To reduce time and cost, the properties of lubricating compositions are often tested using a testing jig. Typical equipment used for this purpose uses a mechanism to impart motion between two samples of material with the lubricant of interest interposed between the samples. The lubricating ability of the lubricant under study is determined either by studying the rate of wear of standard sample materials with different lubricants under the same conditions of load and motion, or to measure the amount of torque transmitted between a driving mechanism holding one sample and a driven mechanism holding the other sample when a given lubricant is interposed between the driving and driven samples. Both schemes have been employed to model components in operating equipment. The scheme utilizing the study of wear rates in sample materials has the added benefit that along with studying the lubricating ability of different lubricant compositions, the same equipment can be used to study the effect on wear of different combinations of materials or different surface finishes when they are examined with standard lubricating compositions.
Both schemes have been employed in bench top scale equipment and attempts have been made to correlate the results thus obtained with the results obtained from employing full scale equipment in an operating engine.
The wear rate in a component subjected to sliding contact is dependant upon many factors. Some of these factors are: materials of construction; surface finish; contact load; the relative rate of motion of the surfaces; and the nature of the lubricant and its film thickness. The environment in which a component is employed can also contribute to performance of a lubricant. Factors such as temperature and fluids present in addition to the lubricating composition employed must also be considered when constructing equipment that approximates conditions in operating engines. Numerous schemes for attempting to accomplish this end have appeared in the prior art.

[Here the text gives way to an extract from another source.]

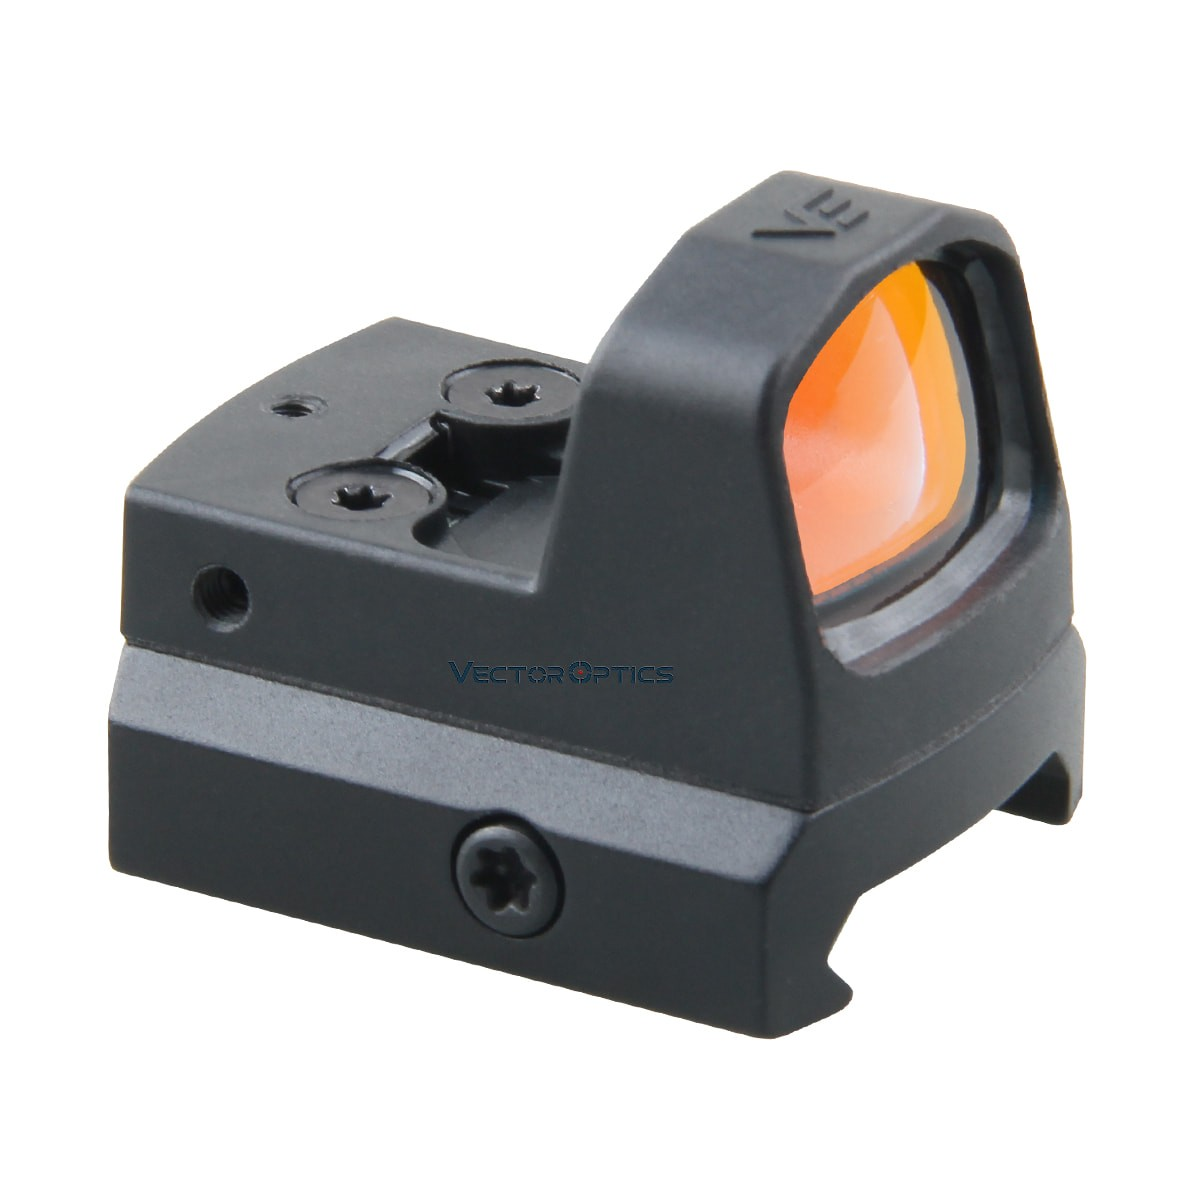 Vector Optics FRENZY-S 1x16x22 AUT SCRD-49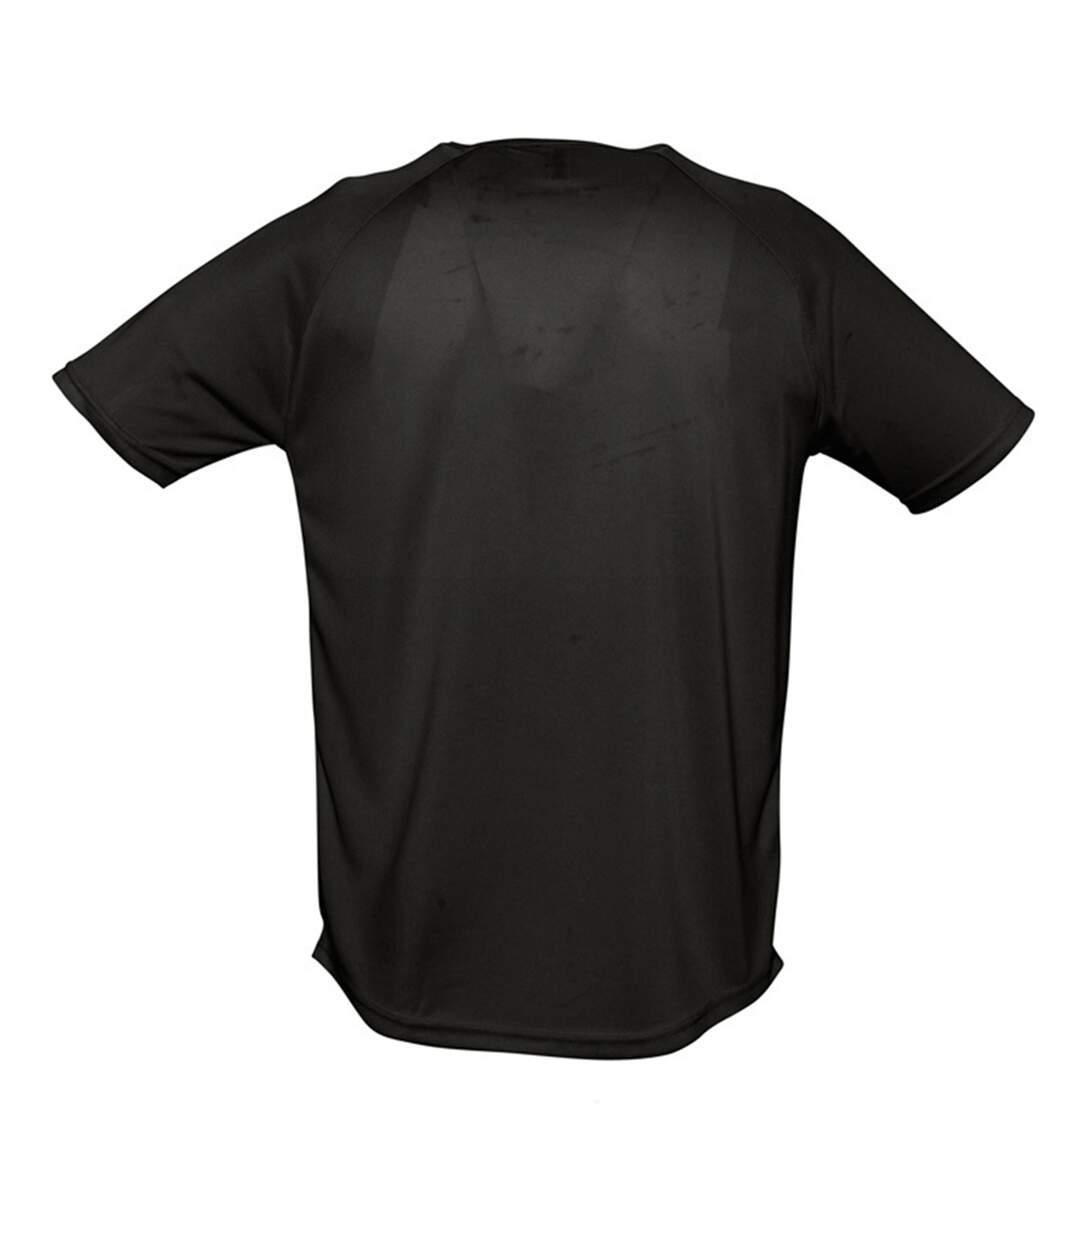 SOLS Mens Sporty Short Sleeve Performance T-Shirt (Black) - UTPC303

U.S. Pat. No. 3,166,927 to Sonntag et. al. discloses an apparatus for measuring resistance to relative motion of two annular test surfaces having angular movement relative to one another. The apparatus disclosed is capable of imparting either rotary motion between two surfaces or oscillating motion (via an arm and eccentric) between the test surfaces. One of the two rods is a driving rod. One end of the driving rod is fastened to a motor, the other end is fitted with a mechanism for holding a test sample and a mechanism for contacting one surface of that test sample under controlled load against one surface of a second test sample. The end of the driving rod bearing the sample holder, the sample holder itself, and any sample contained in the sample holder resides in a lubricant sample well capable of containing a quantity of the lubricant composition under test.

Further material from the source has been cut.